Question

Oxidation state of silver in ${\text{N}}{{\text{a}}_{\text{2}}}\left[ {{\text{Ag}}{{\left( {{{\text{S}}_{\text{2}}}{{\text{O}}_{\text{3}}}} \right)}_2}} \right]$ is:
A. $0$
B. $ + 1$
C. $ + 2$
D. $ - 1$

Answer 1

Hint: Oxidation number is the number of electrons gained or lost by the atoms. The charge of an atom represents the oxidation number of that atom. Some atoms show fixed oxidation states so, by adding or subtracting the oxidation number of known and unknown we can calculate the oxidation number of the desired atom.

Complete answer
An atom loss or gain electrons to form a bond with other atoms. So, the atoms get charged known as ions. The superscript of the ions represents the oxidation number of that atom.

In neutral molecules, the sum of the oxidation number is equal to zero. In charged molecules, the sum of the oxidation number is equal to the charge of the molecule. The atoms in elemental numbers have zero oxidation number. The alkali metals have the oxidation number$ + 1$. The transition metals show a variable oxidation number.
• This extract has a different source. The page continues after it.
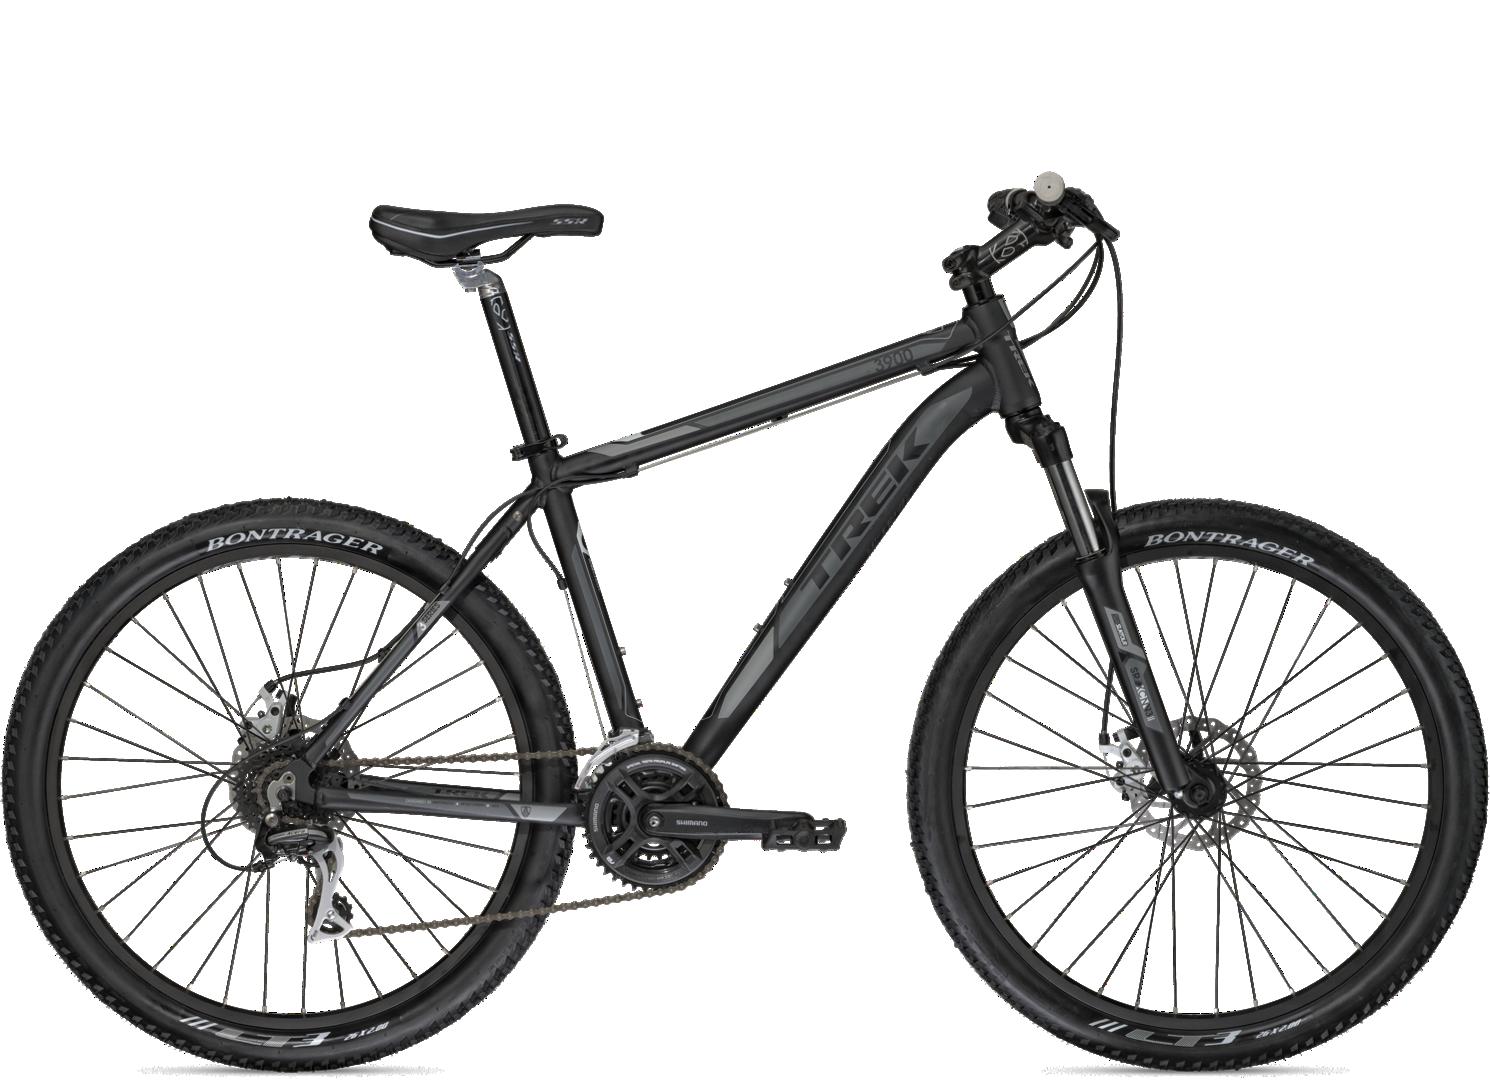 939d553ec3b 2012 3900 Disc - Bike Archive - Trek Bicycle

The oxidation number of silver in ${\text{N}}{{\text{a}}_{\text{2}}}\left[ {{\text{Ag}}{{\left( {{{\text{S}}_{\text{2}}}{{\text{O}}_{\text{3}}}} \right)}_2}} \right]$ is as follows:
Sodium is an alkali metal so, the oxidation state of sodium is$ + 1$and the oxidation number of ${{\text{S}}_{\text{2}}}{\text{O}}_3^{2 - }$ligand is $ - 2$.
$\Rightarrow \,\left( {x \times 1} \right)\, + \,\left( { - 2 \times 2} \right)\, = \, - 2$
$\Rightarrow \,x - 4\, = \, - 2$
$\Rightarrow \,x\, = \, - 2 + 4$
$\therefore \,x = \, + 2$

The oxidation number of silver is$ + 2$. So, the oxidation state of silver in ${\text{N}}{{\text{a}}_{\text{2}}}\left[ {{\text{Ag}}{{\left( {{{\text{S}}_{\text{2}}}{{\text{O}}_{\text{3}}}} \right)}_2}} \right]$is$ + 2$.

Therefore, the correct answer is option (C) $ + 2$

Note:In a molecule, the more electronegative atom has a negative oxidation number, and less electronegative has a positive oxidation number. The atoms present out of the bracket are known as counter ions. Counter ions are used to balance the charge of complex only. Counter ions do not contribute to the oxidation state of the central metal atom. If we remove the two sodium from the given complex then the complex will get $ - 2$ , so the sum of oxidation state of metal and ligand is placed equal to oxidation state of counter ion sodium.